Шрифт:
Интервал:
Закладка:
— Ага, — он свесил ноги с кушетки. На них были грубо связанные чуни. Лицо таилось в зелени, густой и обильной. Он был как за ширмой. — Пошла всё же по стопам маменьки? Давай, давай! — но голос был миролюбивый, одобряющий даже. — Хорошо, что он оказался, действительно, добрым. А будь иначе? После стольких лет ожидания пришлось принять бы любого. Совсем мальчик, хотя… — говоривший сумел и разглядеть его, в то время как Антон его не видел.
— Та-то, мамаша, кого и пригрела на своей прекрасной груди? Красоту свою кому отдала? А тут, может, толк и выйдет. Не зря будет.
Антон еле сдерживал смех, — Папаша, может, вы выйдете?
— Какой я тебе папаша? Обойдёшься. Поверил одному такому, а он потом ноги о мать её вытирал. Но я не против тебя. Да и что мне? Пусть идёт с тобой. Ей и пора. Здесь с кем ей? А там, пусть живёт, учится, как ты уверяешь. Но это ты её родителя будешь уверять, а не меня. — И этот всё знал! Да откуда?!
— Ты богач. Вам можно всё.
— Я не богач. У меня и нет ничего, в смысле денег, земель этих, прочего. Но я дам ей больше, дороже пресловутого богатства.
— Это чего? — спросил инкогнито.
— Я буду её мужем. Заботиться, беречь, любить. Дам ей возможности того, о чём вы и не поймёте.
— Чего же и не поймём?
— Ну… Другую жизнь. Лучшую. — Антону стало вдруг жалко невидимого человека, жаль эту девочку, весь их мир. — Я покажу ей звёзды. В том смысле, — спохватился он, — что открою другие возможности, каких нет у вас. — Антон вспомнил старую сказку, рассказанную в детстве мамой, в которой были слова, обращённые женихом к девушке: «Любимая, я подарю тебе звезду», но в итоге любимой девушке дарили грязную кастрюлю, символически намекая на иллюзию счастья в любви. Но он, Антон, откроет для неё мир подлинных звёзд. Жалость перетекала во вселенское великодушие. Он радостно засмеялся.
— Ишь ты, весёлый! — сказали из-за дерева. — Ну ладно. Даю добро. Чего уж. Тут она всё равно дочь падшей. Это же приговор. Хвала Надмирному Свету, нашёлся дурак на пыльной дороге.
— Т-с-с, — сказала Инэлия, заходя за живую зелёную ширму, — Спи, спи, дурачок. — «Дурачок» неожиданно захрапел опять, будто и не просыпался.
Антон нажал на браслете сегмент вызова гаража ЦЭССЭИ, чтобы вызвать сюда шофёра с машиной. Назвал город, уточнил у Инэлии улицу, дом и направление.

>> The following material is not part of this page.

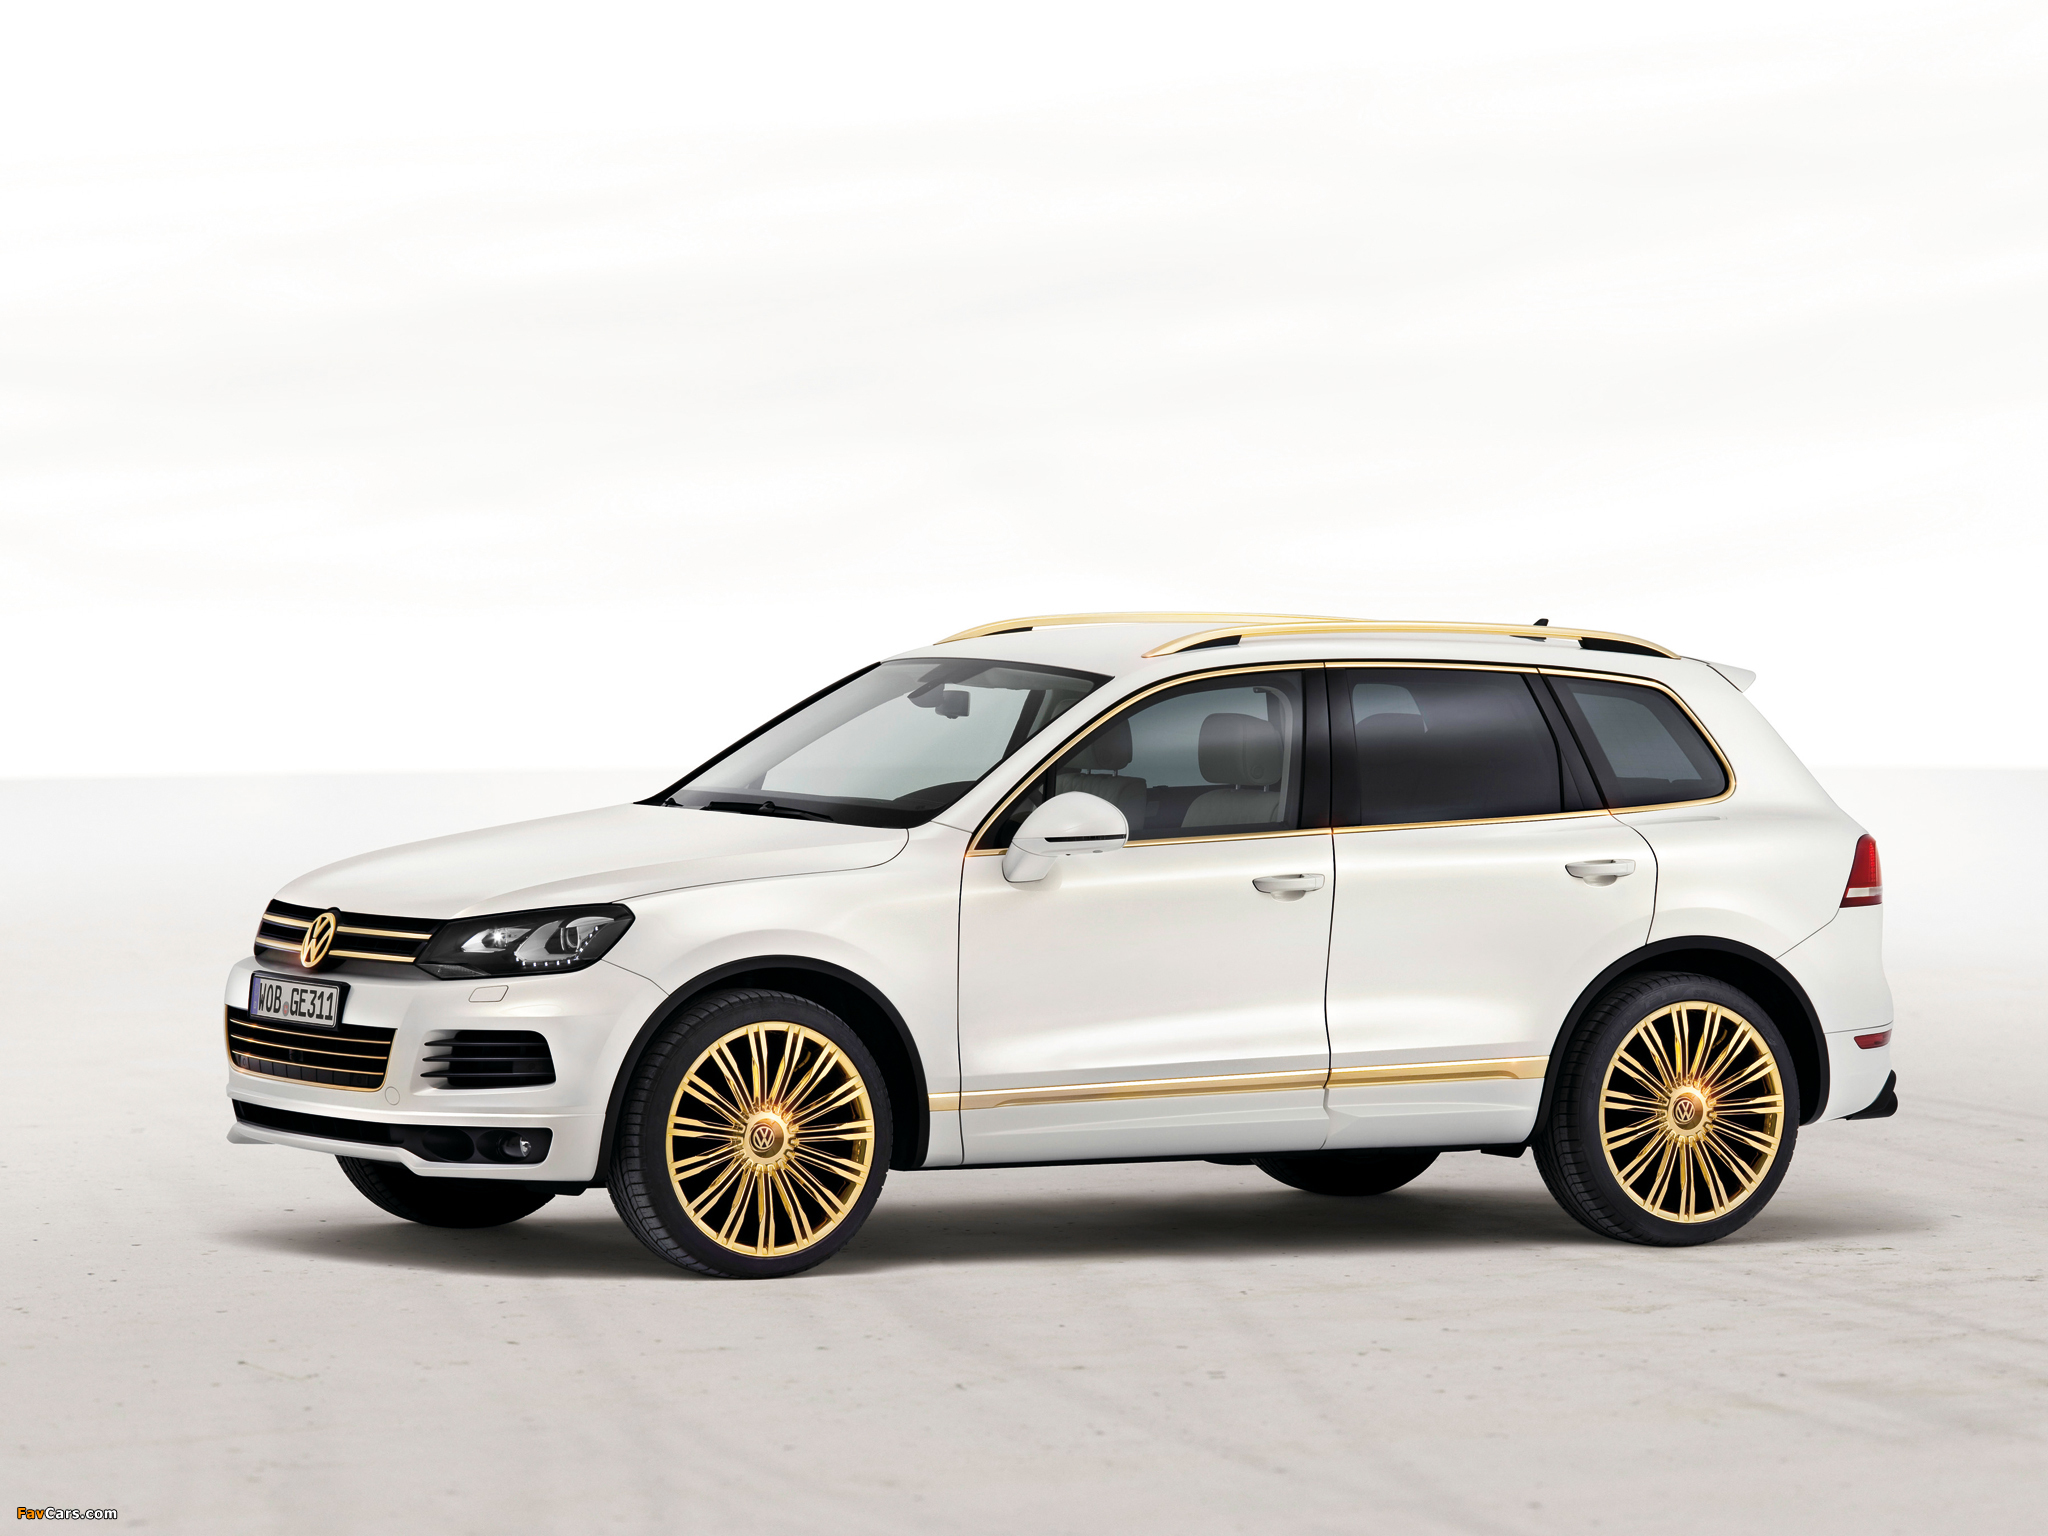 Volkswagen Touareg V8 TDI Gold Edition Concept 2011 photos (2048 x 1536)

— А, — непонятно ответил ему шофер из гаража ЦЭССЭИ, даже не дослушав его объяснений, — я знаю, где это, — и пообещал, что будет через час. И Антон вместо удивления его ответом опять почувствовал счастье. Ещё целый час он будет тут, рядом с нею. Вот так, бездумно сидеть в их невозможном саду, а потом уже у себя он всё попробует понять. Что всё это означает? Откуда дед — инкогнито о нём знает, и эта странная «старшая мама» тоже? Было очевидно, ждали, знали, что придёт. И разговор был таким, будто был он продолжением долгих и давних обсуждений с ним и с нею. Разноцветный туман вокруг и внутри мешал пониманию. Как это было возможно? И что он скажет Венду о несостоявшейся встрече и о том, зачем его занесло в провинцию? Скажет, что сопровождал Знахаря по его просьбе в Северную провинцию для того, чтобы его не задержали по дороге, приняв за мутанта… Короче, придумает что-нибудь.

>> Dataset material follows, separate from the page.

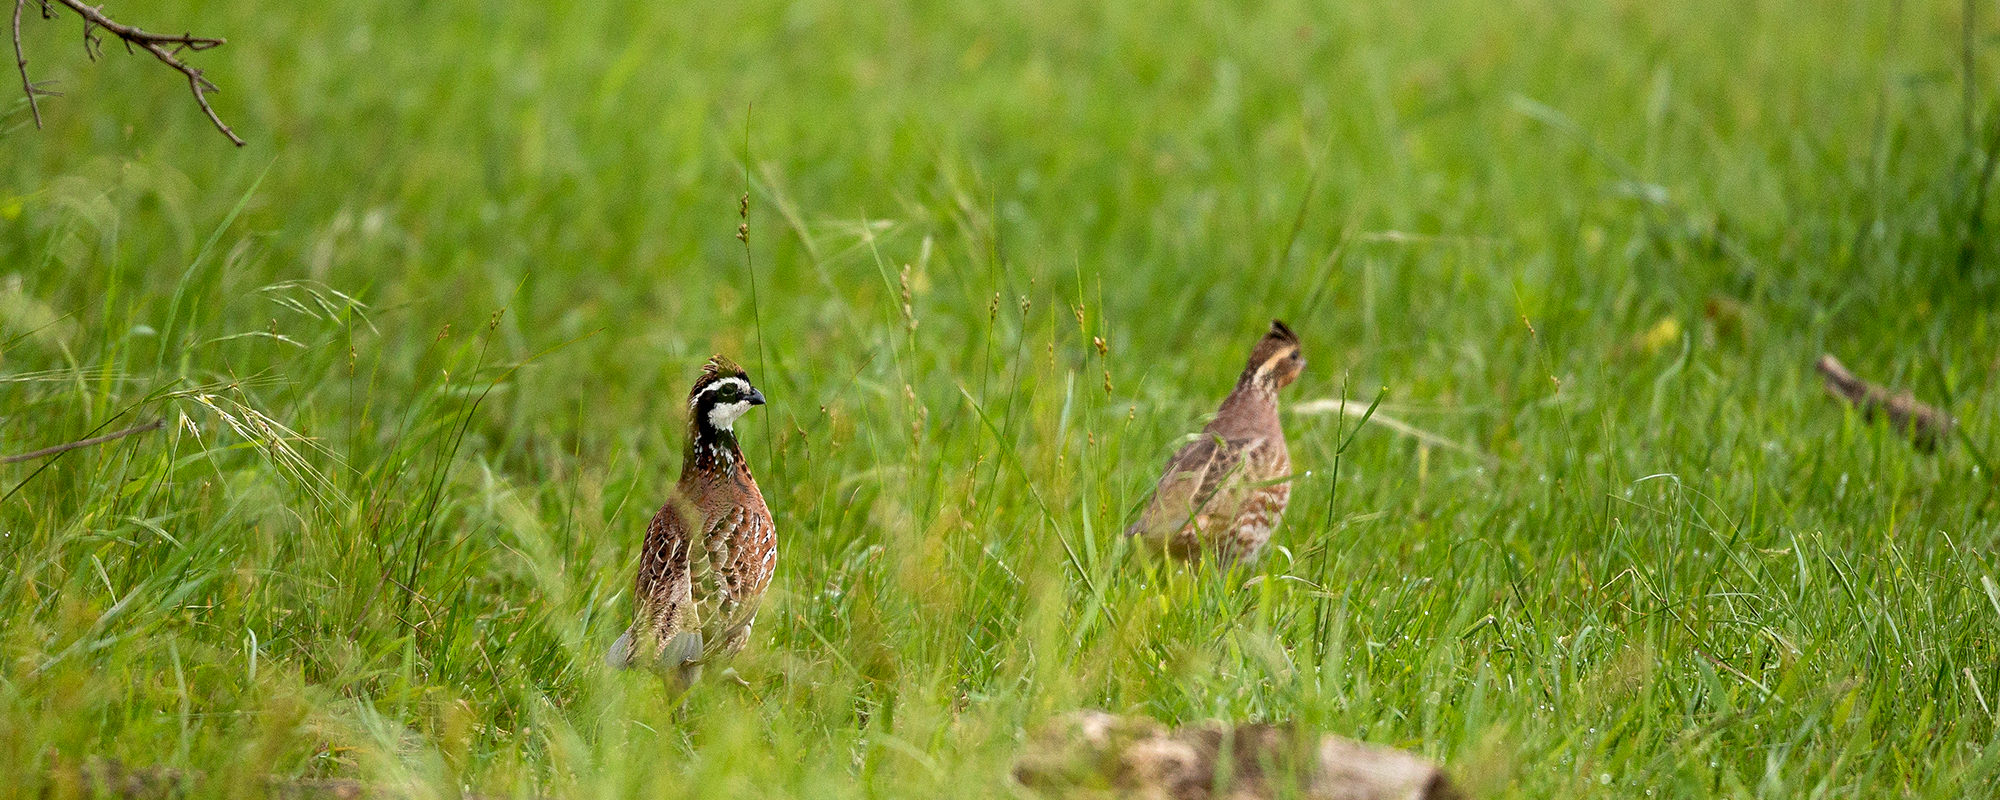 野生动物观察:健康草原丰盛地鸟信号

— Не переживай, — обратилась к нему Инэлия с прежней и родной ласковостью. — Любовь — подарок из других миров. Она не даётся каждому. Она редкость. Ты умный. Ты понял многое. А потом поймёшь больше.
«Я ничего не понял» — хотел сказать Антон, но не сказал. Просто всё. Неправдоподобно просто. Он задрал голову вверх, вокруг розовели своими макушками высоченные деревья.
Обещание скорого прощения
Розовели своими макушками высоченные деревья в лесопарке, наступила пора местного цветения. На некоторых из них распускались неописуемые белые гроздья, похожие на белоснежные гирлянды, которые делают дети для новогодних ёлок. Они даже не повторялись, у разных деревьев были разной формы. Эта завораживающая красота, невидимая ночью, тем ни менее ощущалась, благодаря мерцанию, подобному инею. Но Рудольф стал иногда бродить засветло и столкнулся с Нэей. А может, он её и искал. Она и сама, как всегда, была похожа на цветущую женщину — лиану. Он сразу заметил, что она похудела, но от этого она будто вернулась в свою далёкую молодость. Лицо, став тоньше, было неотличимо от того, что выплыло ему навстречу из полумрака прихожей Гелии. Только глаза были печальны, они не были подкрашены, а волосы она заплела в причёску подростка, украсив этими белыми соцветиями. Рудольф встал перед нею, замерев, нельзя сказать, что от неожиданности. Но от потрясающего его по-прежнему чувства жалости к ней. К её обиженной, но такой ему нужной красоте.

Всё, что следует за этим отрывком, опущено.